『生きろ』

俺はギャラクターへの復讐心の為にしばしば独断専行に走ってしまう事が多いのは自覚していた。
単独行動に出た事も多々ある。
最期の瞬間もそうして迎えた。
自分の生き方には一点の曇りも無く、後悔もねぇ。
だが、仲間達には随分迷惑を掛けちまった、といつも内心で詫びていた。
最後に竜に言った言葉が俺の本心だ。
竜に向けたと言うよりは、仲間達全員への詫び言だった。
『素直に詫びる事がやっと出来たぜ』
俺は復讐心を糧にしなければ、生きる事が出来なかった。
俺の人生の後半は闘う為にあったと思っている。
だからこそ、自分の身体を苛め抜き、常に鍛錬し続けて来た。
お陰でバードスタイルを解かれた後も随分と働けたぜ。
自分を蝕む病気のせいで、奴らに捕らえられ、最後は無様な処を見せちまったかもしれねぇな。
でも、俺は最後まで諦めなかった。
ギャラクターを斃す為には、仲間達の力が必要だ。
俺1人で叩き潰してやるつもりで此処まで来たが、俺はこのクロスカラコルムが奴らの本部だとは知らなかったからな…。

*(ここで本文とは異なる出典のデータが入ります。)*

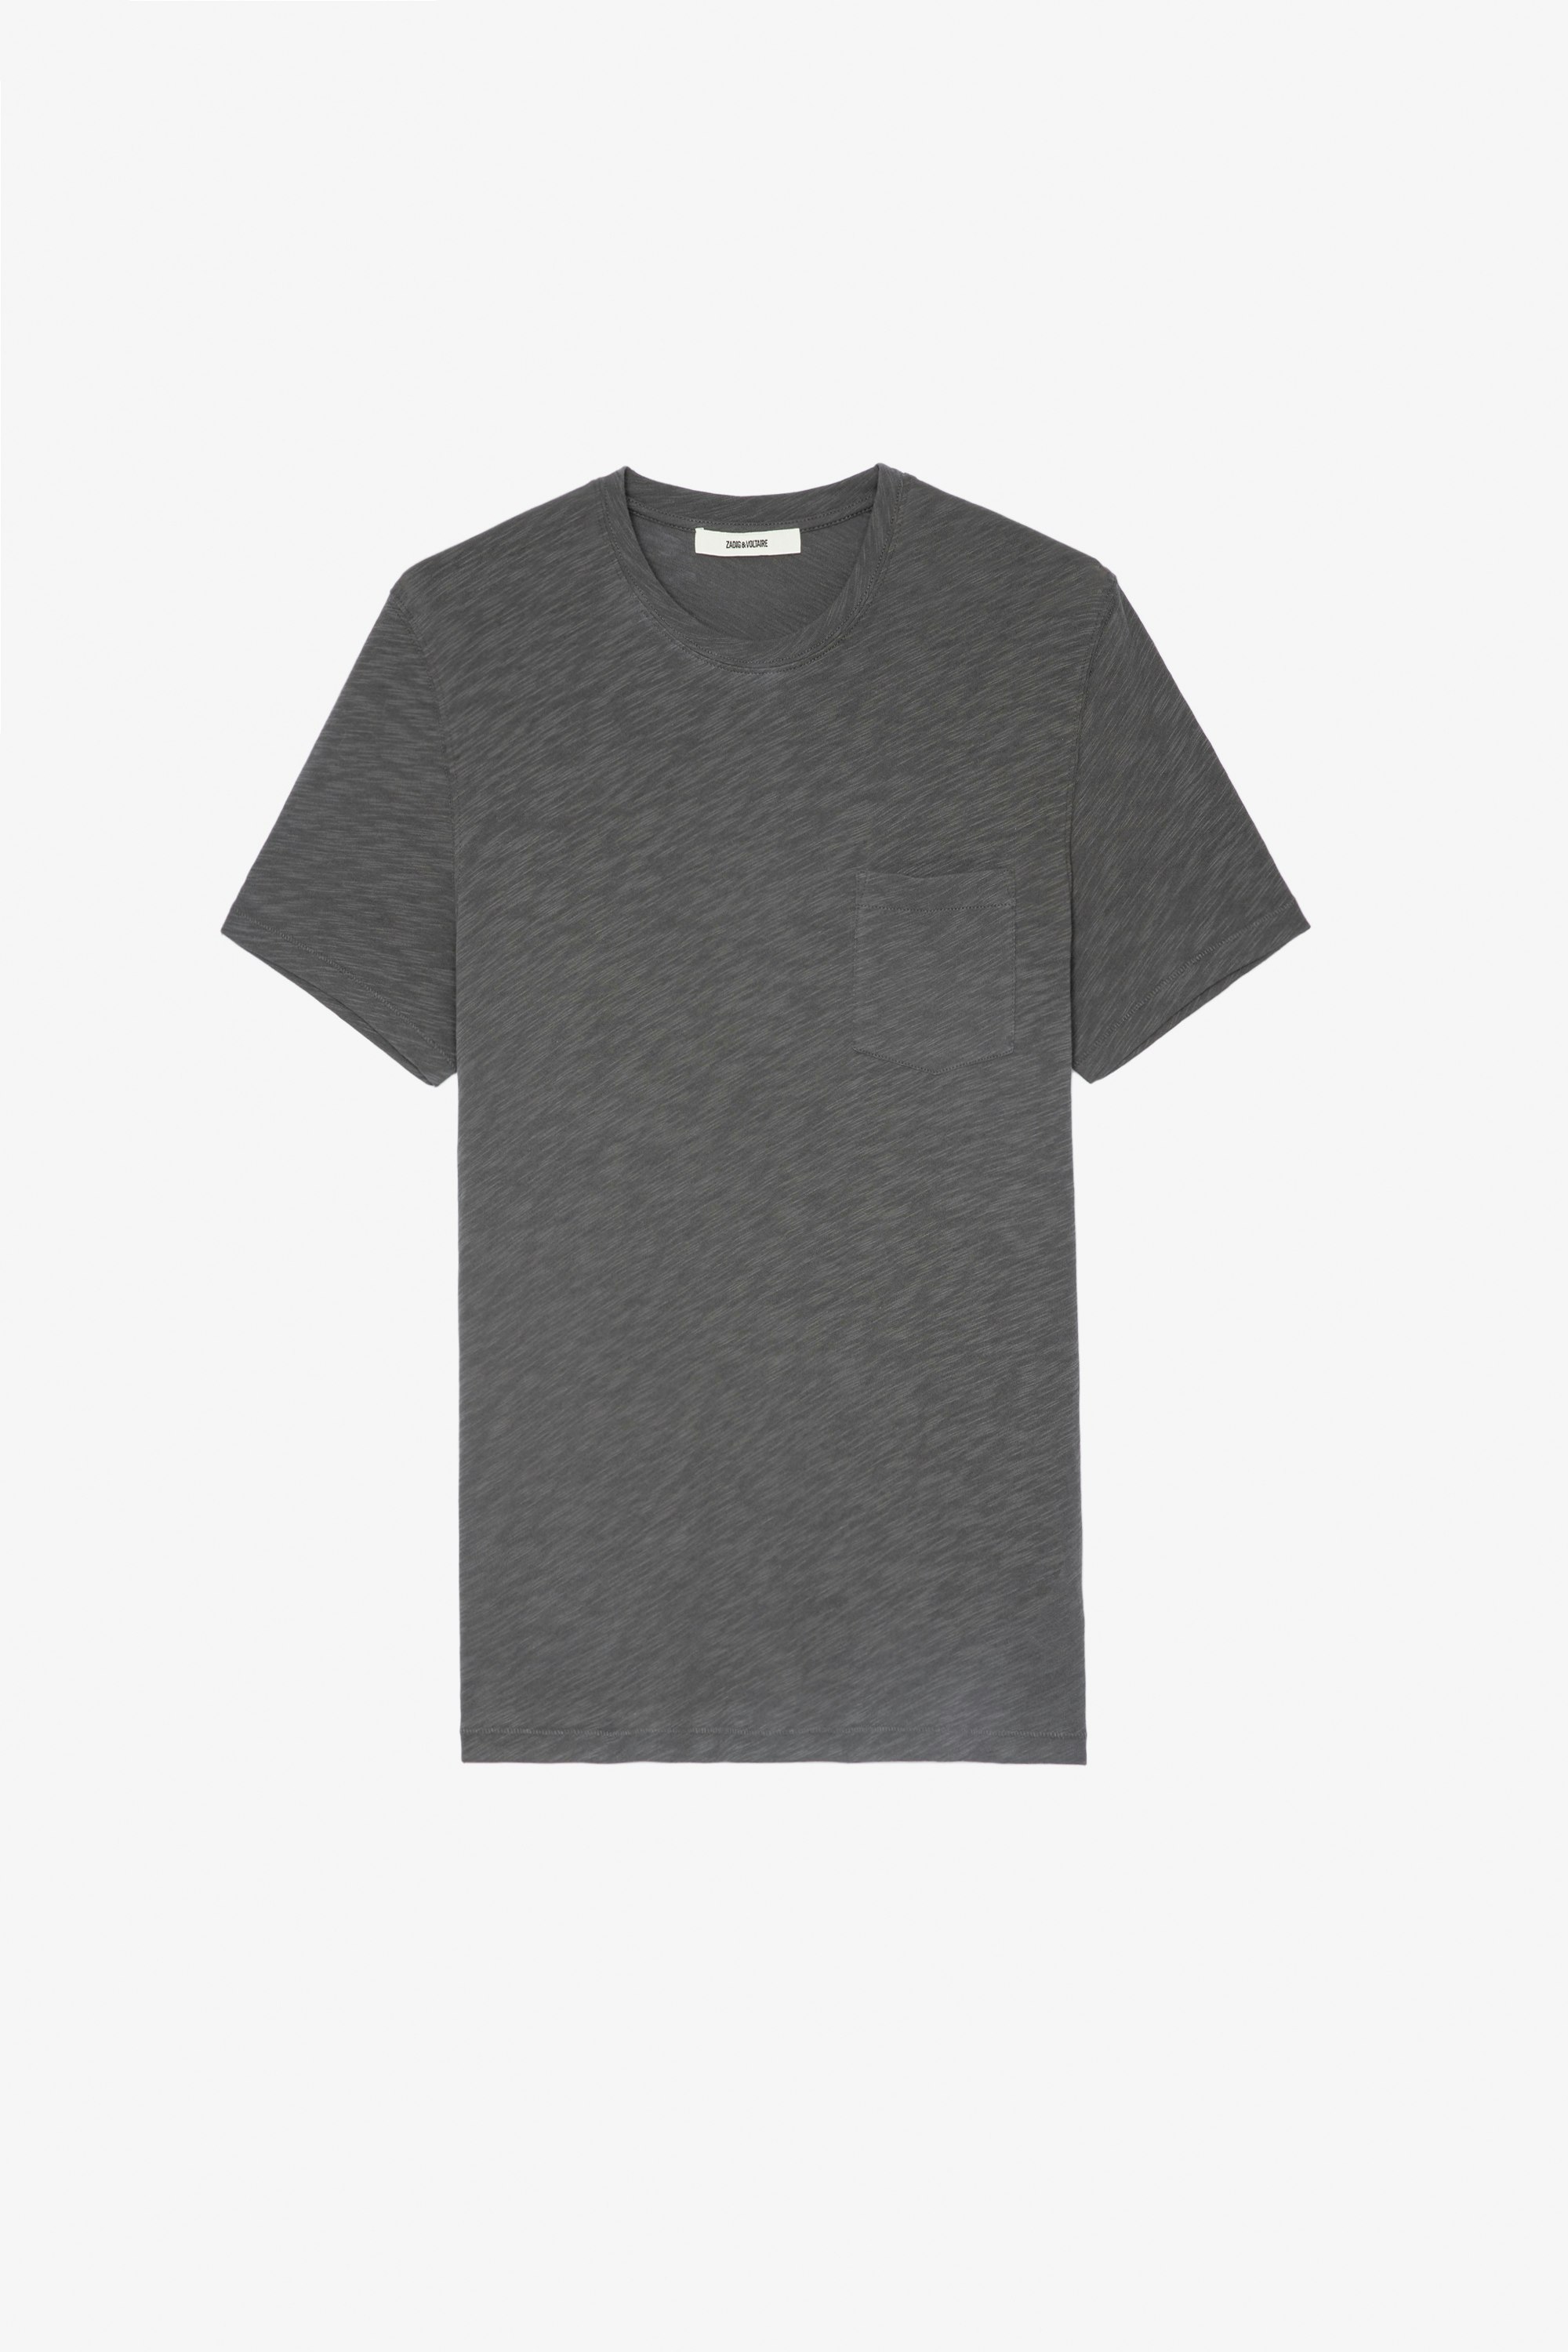 T-shirt Stockholm fiammato T-shirt in cotone fiammato grigio girocollo a maniche corte con stampa teschio sul retro - Uomo
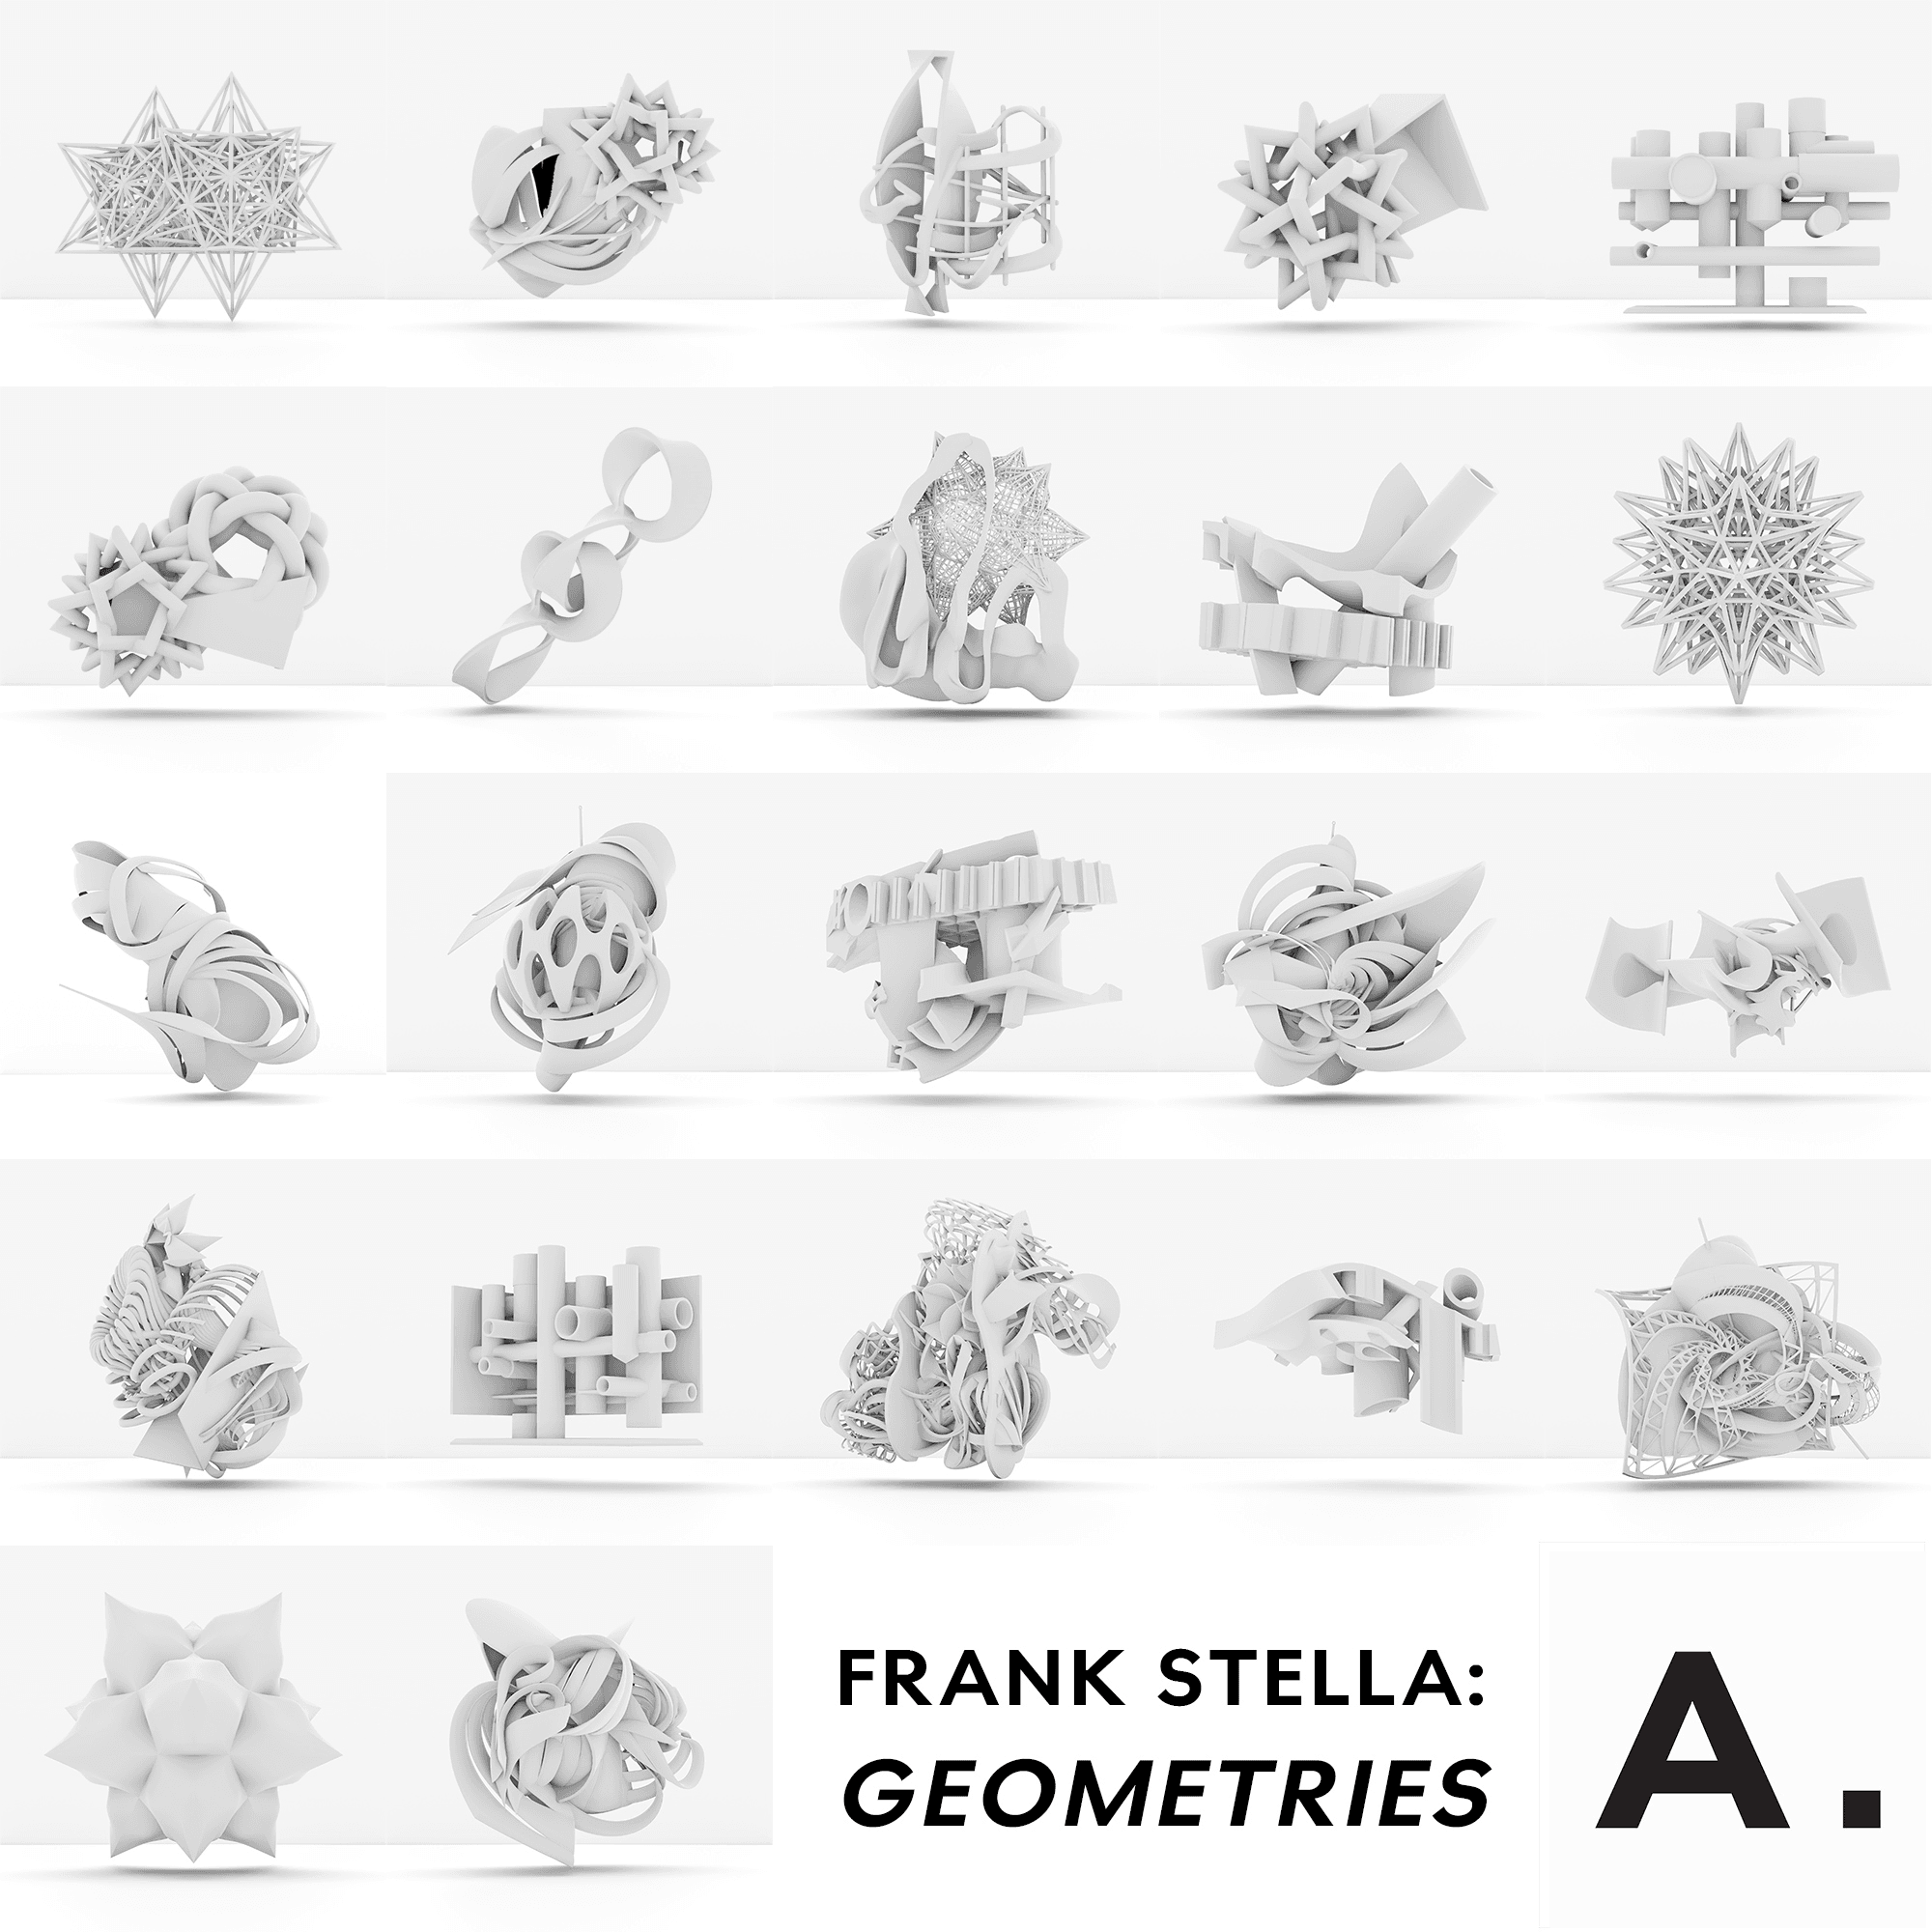 Frank Stella: Geometries

ふと気付いたんだが、俺の人生、闘いばかりじゃなかったんだな…。
いい仲間と巡り会って、それなりの青春は送って来たのではないか、と今、最期の瞬間にそう思うぜ。
後悔など何もない、と言ったが、本当は1つだけある。
奴らに辛い思いをさせてしまった事だ。
俺1人居なくなったって奴らは大丈夫だ、と勝手に思い込んでいたが、最後に別れる時にそうではねぇって事に気付いた。
そして…俺にとっても奴らが掛け替えの無い仲間だったと言う事が改めて胸に突き刺さった。
そんな事は前から充分に解っていた筈だ。
生死を共にして来た仲間。
誰1人として失いたくはない。
しかし…。
俺はその思いを奴らにさせてしまう事になっちまったんだ。
だがよ。
病気で死ぬよりも、こうして闘いの中で死ぬ事を選んだ俺を、いつかみんな解ってくれる時が来ると信じてるぜ。
前を見ろ!決して振り向くな!
おめぇ達は、科学忍者隊だ。
俺を置いて行った事を後悔するな…。
誰も間違っちゃいねぇ。
これで良かったんだ。
何よりも俺がそう望んだ事なんだからな。
おめぇ達に、俺が出来なかった事を託した。
だから、もう思い残す事は何もねぇ。
仲間を信じている。
絶対に『やってくれる』と…。
俺は満足して死んで行くんだから、おめぇ達が苦しむ事はねぇんだ…。

生きろよ。
この闘いに勝ち抜いて、おめえ達は生き抜いてくれ。
俺の分までな。
平和を勝ち取って、きっと『普通の』幸せをその手に……。